A favourable growth projection noted on the statement is no doubt sourced to an increase of 7.41 percent July-November 2020-21 in Large Scale manufacturing (LSM) compared to July-November 2019-20 – an upswing that has been publicized by the Prime Minister as well as his cabinet. However, two elements have been ignored with respect to a comparison with the comparable period 2019-20. First and foremost, the low growth in July-November 2019, pre-Covid-19, was due to the severely contractionary monetary (and fiscal) policy being implemented which on the monetary side included: (i) 13.25 percent discount rate that stifled productivity in the country while attracting “hot money” which, as was feared by Business Recorder, left the country in a hurry; (ii) the rupee rate has stabilized, as per SBP in its post MPC meeting press conference, indicative of success of SBP decision to implement a market based exchange rate. In this context it is critical to emphasize that while a market-determined rate brooks no interference in the market by the central bank yet Pakistan adopted market-based rate, as agreed with the International Monetary Fund on 12 May 2019, (primarily to protect from it from being manipulated), which allows for SBP intervention and there are credible reports that SBP does (when it feels the need to) intervene in the market to stabilize the rupee to contain the fiscal deficit.

The budgeted growth rate of 2.1 percent for the current year and the ‘favourable growth projection” by the MPC is no doubt premised on the recently released July-November Large Scale Manufacturing growth rate of 7.41 percent compared to July-November 2019-20. What is ignored is the SBP figure for April-June 2020 with negative LSM growth rate of 24.8 percent or, in other words, the base was so low that an increase of 7.41 percent did not bring us to the 2018-19 level. One would, however, extend appreciation for the SBP not basing its higher growth projection on the Business Confidence Survey results as in previous statements given that the survey results are not easily available on its website. It is relevant to note that multilaterals, including the World Bank, are projecting a growth rate of around 1 percent for Pakistan in the current year and while the IMF has yet to update its projection which no doubt would be uploaded as and when the staff-level agreement on the second quarterly review is reached, yet it is perhaps safer to assume that the multilateral rate would be achieved given Pakistan government’s agreement on specific time-bound structural adjustments.

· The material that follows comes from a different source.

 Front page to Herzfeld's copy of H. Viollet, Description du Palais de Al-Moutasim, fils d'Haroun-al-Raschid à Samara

The MPC also notes that “inflation pressures have eased since the last MPC, despite an upward adjustment in fuel prices…. After remaining close to 9 percent in the preceding two months headline inflation fell to 8.3 percent in November and further to 8 percent in December, the lowest level since June 2019.” However, it is unclear whether the MPC focused only on the upward adjustment of fuel prices in December 2020 or whether it deemed it appropriate to include the little more than 3 percent rate rise in January 2021 and with no mention of the raise in electricity prices by 1.99 per unit last week critics may challenge the inflation projection as already becoming irrelevant.

The statement noted foreign exchange reserves of 13 billion dollars, their highest level since December 2017. However, the statement did not indicate that more than half of the reserves are from borrowing, including (i) deposits from another central bank or a swap arrangement with China which are a liability, and (ii) foreign currency swaps with commercial banks that again are not listed as liabilities.

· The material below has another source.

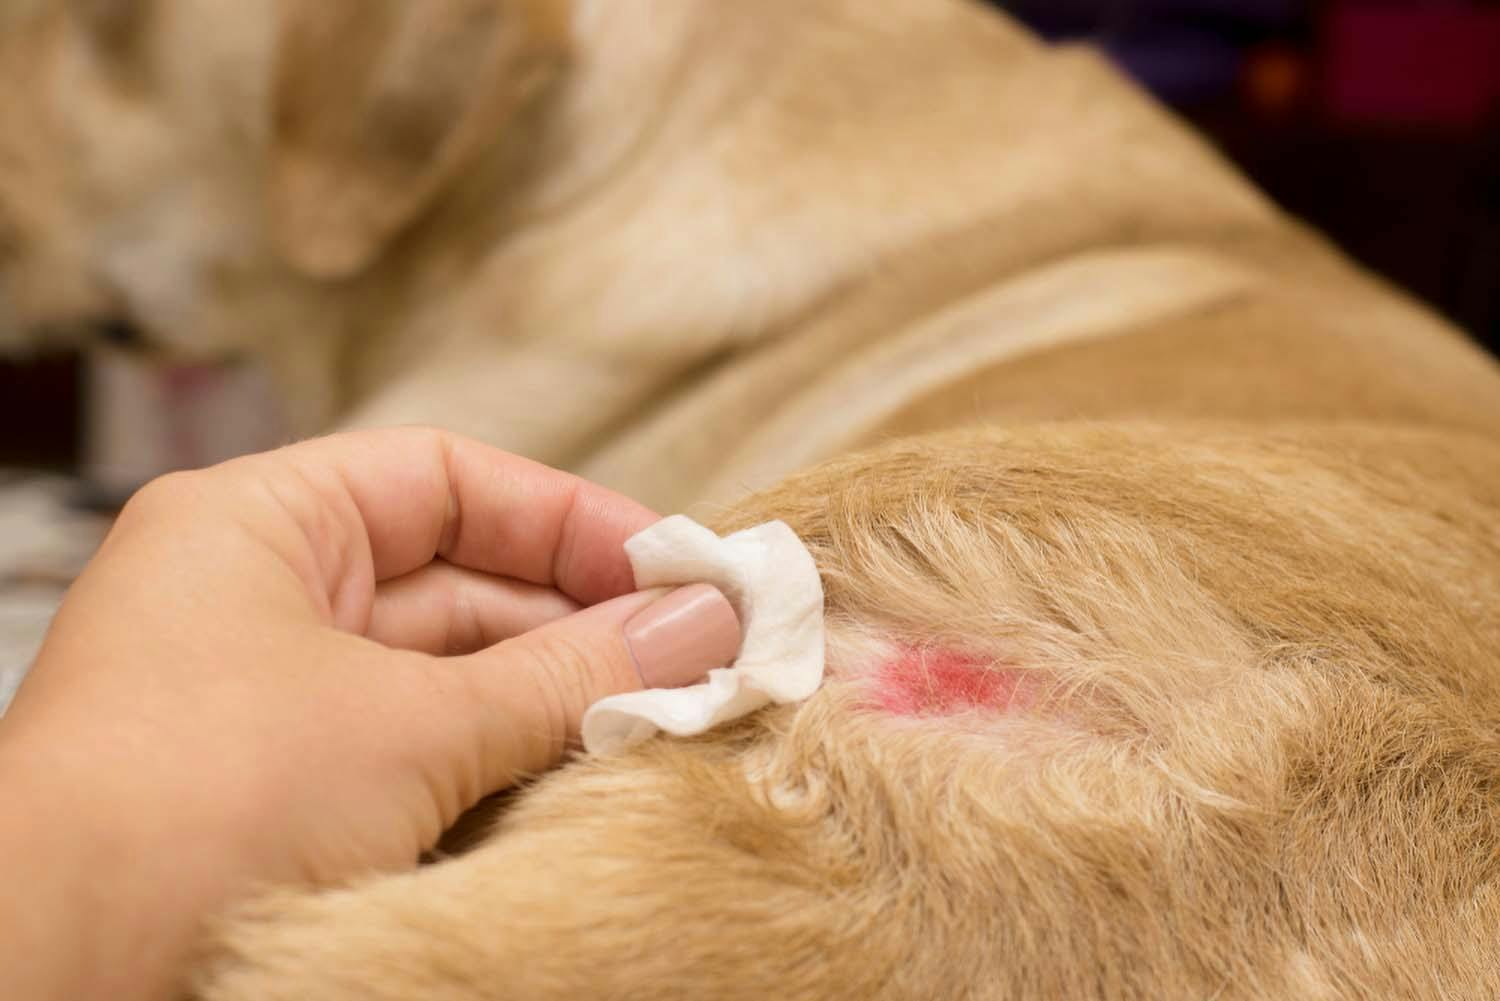 獣医師監修 換毛期以外での犬の抜け毛の原因とは 考えられる病気と対処法について解説 Illness 病気 わんクォール

The economic situation has certainly improved since April-June 2020 yet it has not yet achieved the levels it should have based on considerable easing of monetary and fiscal policies that began in March 2020 and continue to this day though some of the incentives, particularly in relation to gas availability to the productive sectors, remained compromised in January 2021. However, it needs to be noted that reforms relating to full autonomy for SBP agreed with the IMF, have yet to be fully implemented and the central bank operates under considerable economic and political pressures and this continues to this day in spite of pledges made to the IMF that the apex bank has been granted full autonomy.